The Walker circulation, which spans almost half the circumference of Earth, pushes the Pacific Ocean’s trade winds from east to west, generates massive rains near Indonesia, and nourishes marine life across the equatorial Pacific and off the South American coast. Changes in the circulation, which varies in tandem with El Niño and La Niña events, can have far–reaching effects.

“The Walker circulation is fundamental to climate across the globe,” says Vecchi.

In their paper, “Weakening of Tropical Pacific Atmospheric Circulation Due to Anthropogenic Forcing,” the authors used observations as well as state-of-the-art computer climate model simulations to verify the slowdown and determine whether the cause is human-induced climate change. The work was performed at NOAA’s Geophysical Fluid Dynamics Laboratory (GFDL), where Vecchi is stationed through the UCAR Visiting Scientist Programs. His coauthors include Brian Soden (University of Miami) and the GFDL team of Andrew Wittenberg, Isaac Held, Ants Leetmaa, and Matthew Harrison.

Walker circulation

This diagram shows the Walker Circulation, a vast loop of air above the equatorial Pacific Ocean. See below for an alternate depiction. Click here or on the image to enlarge. (Illustration by Gabriel Vecchi, UCAR.)

The Walker circulation takes the shape of a loop with rising air in the western tropical Pacific, sinking air in the eastern tropical Pacific, west-to-east winds a few miles high, and east-to-west trade winds at the surface.
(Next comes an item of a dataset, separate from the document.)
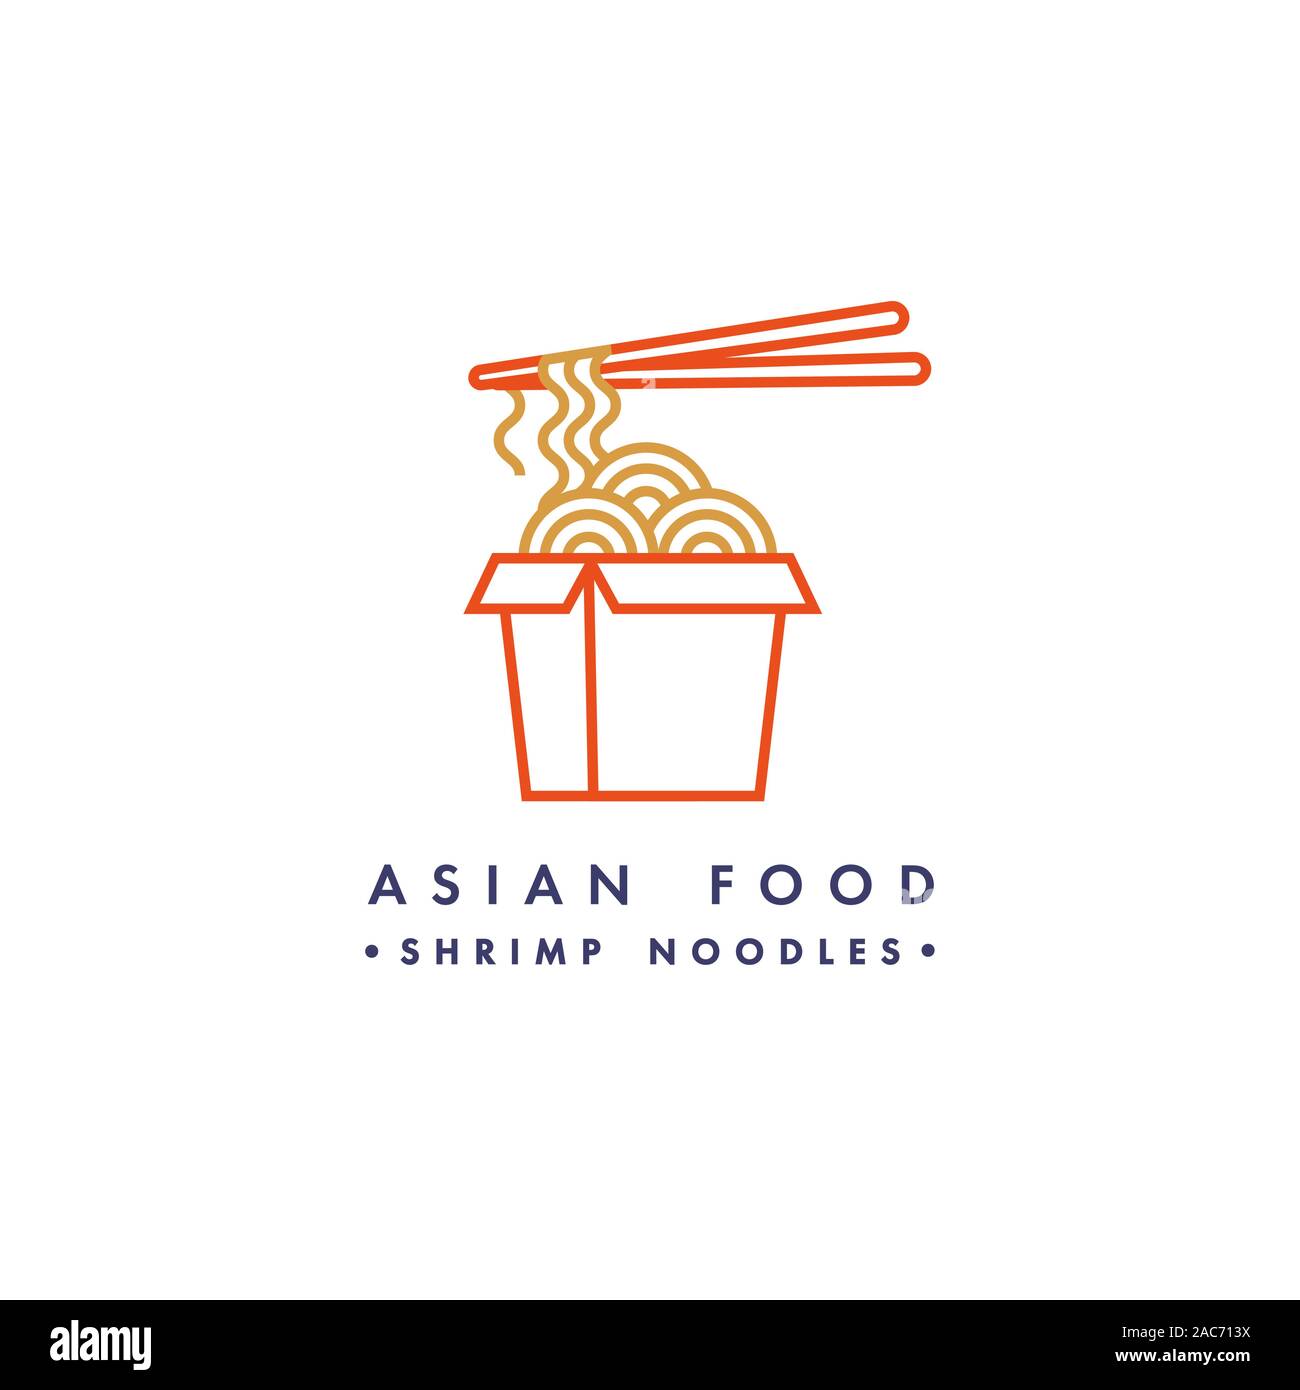 Vektor Logo Design Template und Emblem oder Logo. Asiatische Küche - Nudeln. Lineare Logos. Stock Vektor

The trade winds also steer ocean currents. Any drop in winds produces an even larger reduction in wind-forced ocean flow—roughly twice as much in percentage terms for both the observed and projected changes, says Vecchi.

“This could have important effects on ocean ecosystems,” Vecchi says. “The ocean currents driven by the trade winds supply vital nutrients to the near-surface ocean ecosystems across the equatorial Pacific, which is a major fishing region.”

Matching theory and observations

Several theoretical studies have shown that an increase in greenhouse gases should produce a weakening of the Walker circulation. As temperatures rise and more water evaporates from the ocean, water vapor in the lower atmosphere increases rapidly. But physical processes prevent precipitation from increasing as quickly as water vapor. Since the amount of water vapor brought to the upper atmosphere must remain in balance with precipitation, the rate at which moist air is brought from the lower to the upper atmosphere slows down to compensate. This leads to a slowing of the atmospheric circulation.

Based on observations since the mid-1800s, the paper reports a 3.5% slowdown in the Walker circulation, which corresponds closely to the number predicted by theory. To establish whether human-induced climate change is at work, Vecchi and colleagues analyzed 11 simulations using the latest version of the GFDL climate model spanning the period 1861 to 2000. Some of the simulations included the observed increase in greenhouse gases; others included just the natural climate-altering factors of volcanic eruptions and solar variations. Only the simulations that included an increase in greenhouse gases showed the Walker circulation slowing, and they did so at a rate consistent with the observations.

Based on the theoretical considerations, and extrapolating from their 1861–2000 analysis as well as from other simulations for the 21st century, the authors conclude that by 2100 the Walker circulation could slow by an additional 10%. This means the steering of ocean flow by trade winds could decrease by close to 20%.

Simulation results depend on the assumptions and conditions within different models. However, the agreement of theory, observations, and models for the past 150 years lends support to this outlook, say the authors.

What about El Niño?

The study sends mixed signals on the future of the El Niño–Southern Oscillation—the system of ocean-atmosphere linkages that produces the worldwide weather of El Niño and its counterpart, La Niña.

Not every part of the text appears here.